For debugging low-level details, it's always useful to check the generated C code. e.g.
echo 'echo "hello, world"' > x.nim
mkdir tmp
nim c --nimcache:tmp x.nim
Now you can find the source in tmp/@mx.nim.c.
Let's search for our string:
static const struct {
NI cap; NIM_CHAR data[12+1];
} TM__6x2C9bN0rvuU6HnSvx4zF9aQ_3 = { 12 | NIM_STRLIT_FLAG, "hello, world" };
So it's put in a struct, with the first member being "cap". Suspicious already :)
Obviously, 12 is the string length, so cap must be the length prefix. What is NIM_STRLIT_FLAG? It's defined in nimbase.h (on my computer, /usr/lib/nim/lib/nimbase.h).
#define NIM_STRLIT_FLAG ((NU)(1) << ((NIM_INTBITS) - 2)) /* This has to be the same as system.strlitFlag! */
NIM_INTBITS appears to be the word size of the target architecture. On my computer it's 64.

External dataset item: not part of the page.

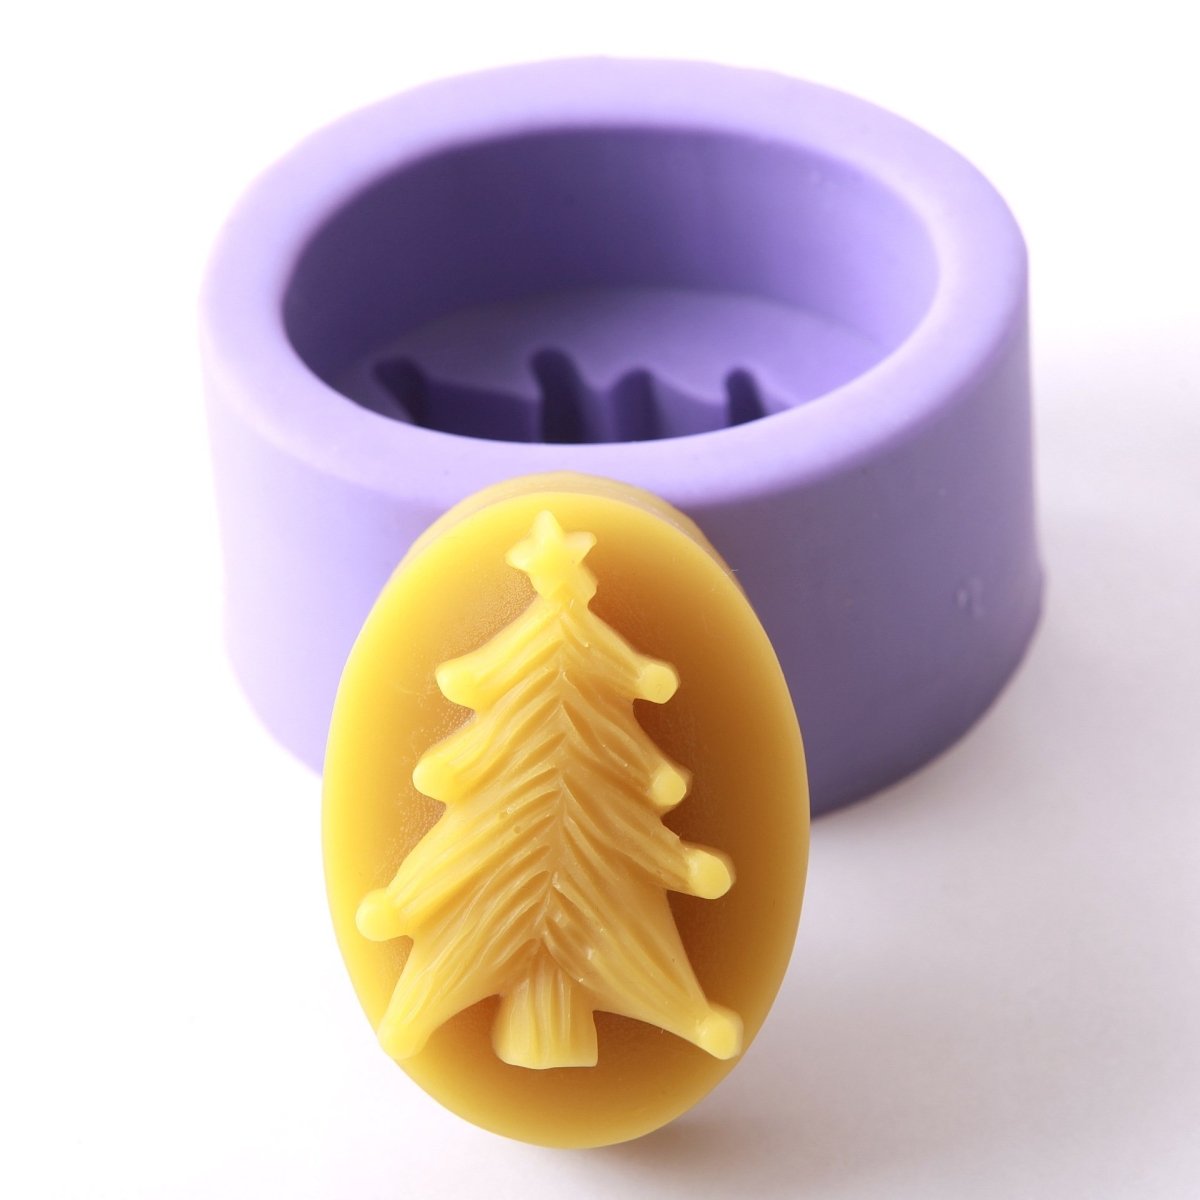 Embossed Christmas Tree Silicone Soap Mould R0084 - Mystic Moments UK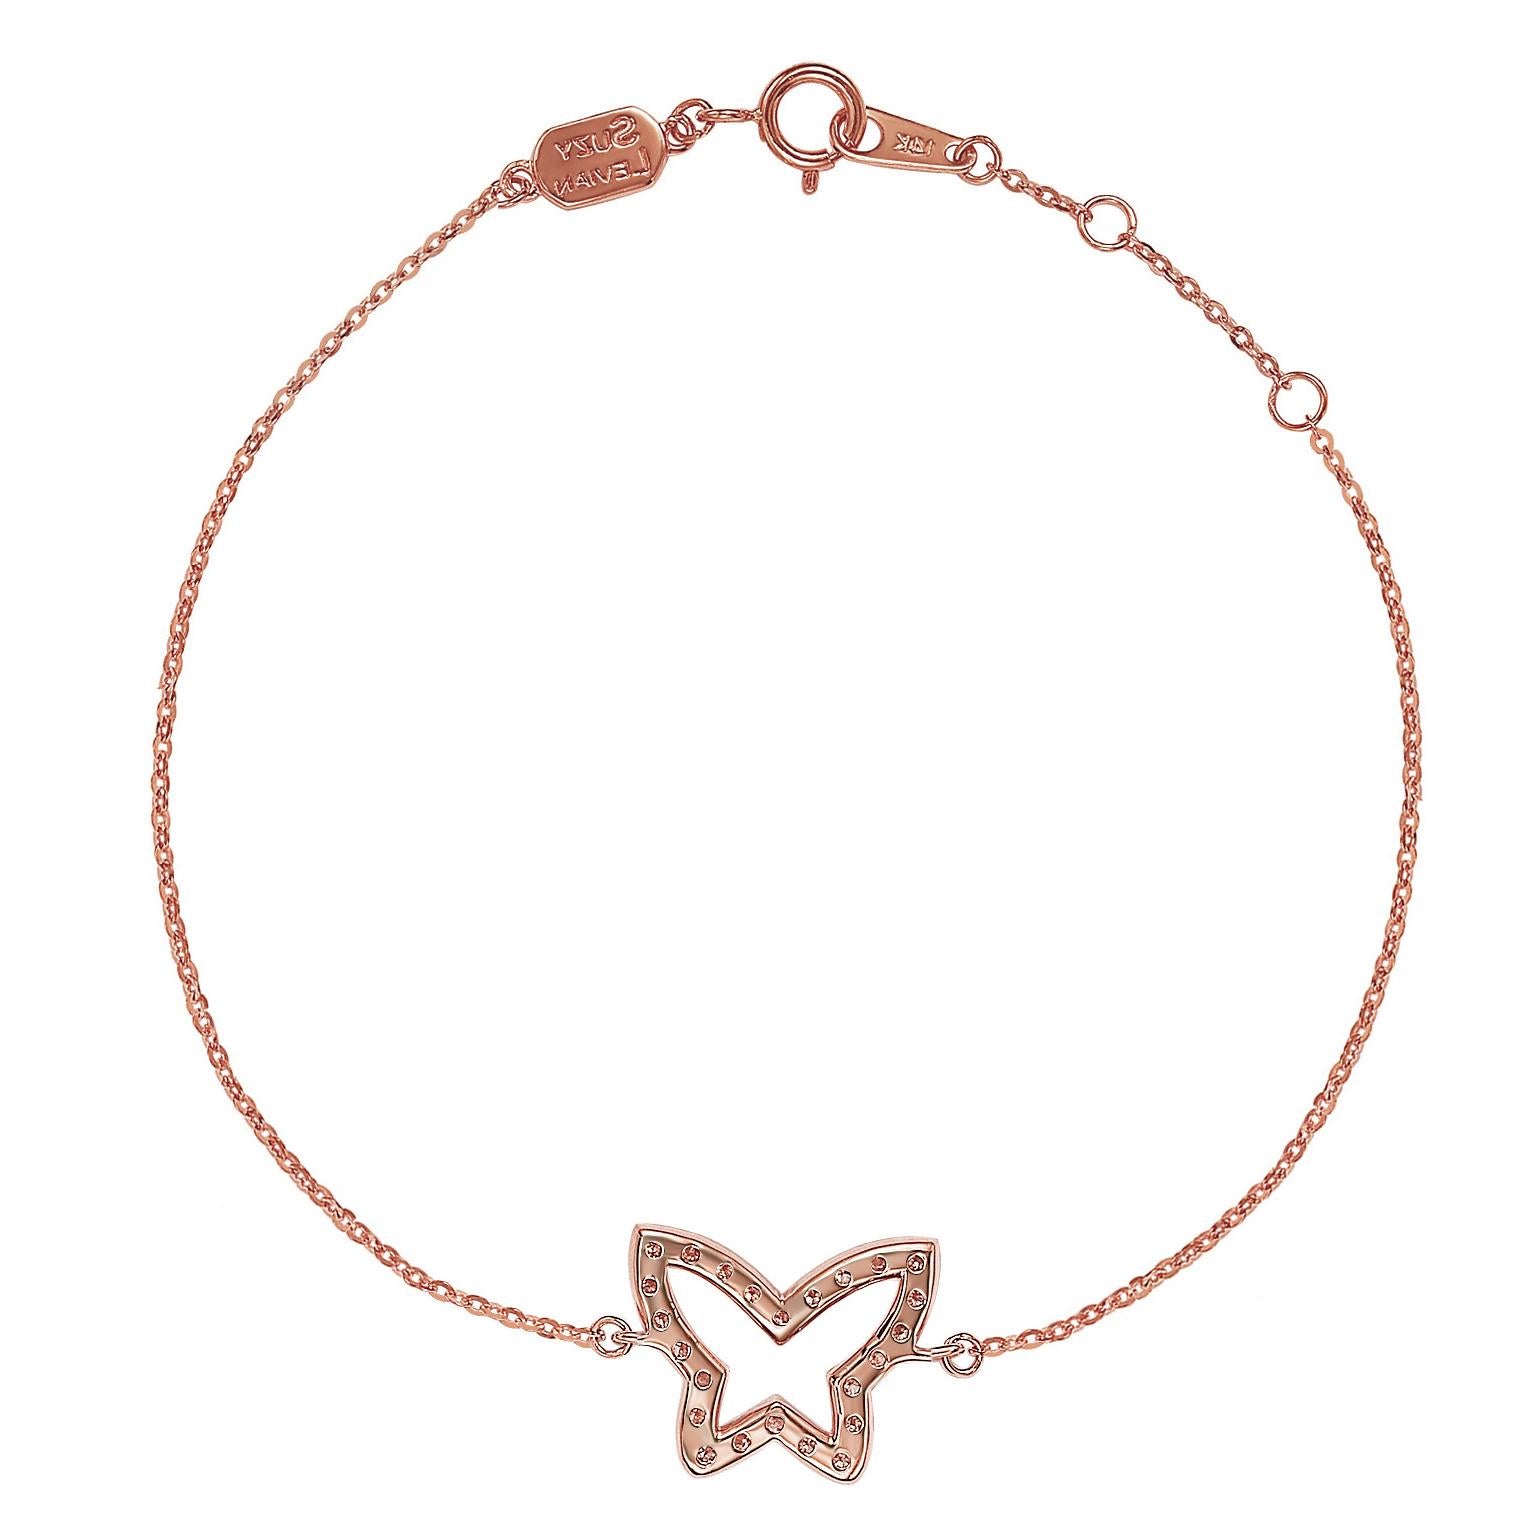 This elegant Suzy Levian butterfly solitaire bracelet features 24 diamonds, which are 1.4 mm size totals .30 cttw, all set in 14K rose gold setting. Each diamond butterfly is attached to a chain that is secured with a spring ring closure with a

We can calculate the expressions then:
12 | (1 << 62) /* = 0x4000000C in hex. */
Finally, Q: what is @ in ASCII? A: 0x40. Most modern computers are little-endian, so the leftmost byte is stored last. That's why you're seeing the @ sign.
(In fact, if you open the file in a pager, you will see something like ^L^@^@^@^@^@^@@hello, world. ^L is form feed, ASCII 0x0C. ^@ is null, as control toggles the 7th bit, turning 0x40 -> 0x00.)
So, to answer your question: it is an internal flag for string literals, encoded into the length prefix. You probably don't want to get rid of it.
...rare exception: if you store lots of small constant strings during compile-time in an array, you can try storing them as cstrings to save some space. e.g.
const many_strings = [cstring"str1", cstring"str2", ... cstring"str99999"]
# output is something like {"str1", "str2", ... "str99999"}
This way, the length prefix need not be saved in the binary. OTOH this also means that determining the strings' length will be O(N) (as with C strlen). So use with caution.
Thanks for the explanation!
const many_strings = [cstring"str1", cstring"str2", ... cstring"str99999"]
# output is something like {"str1", "str2", ... "str99999"}
Really helpful, thanks :)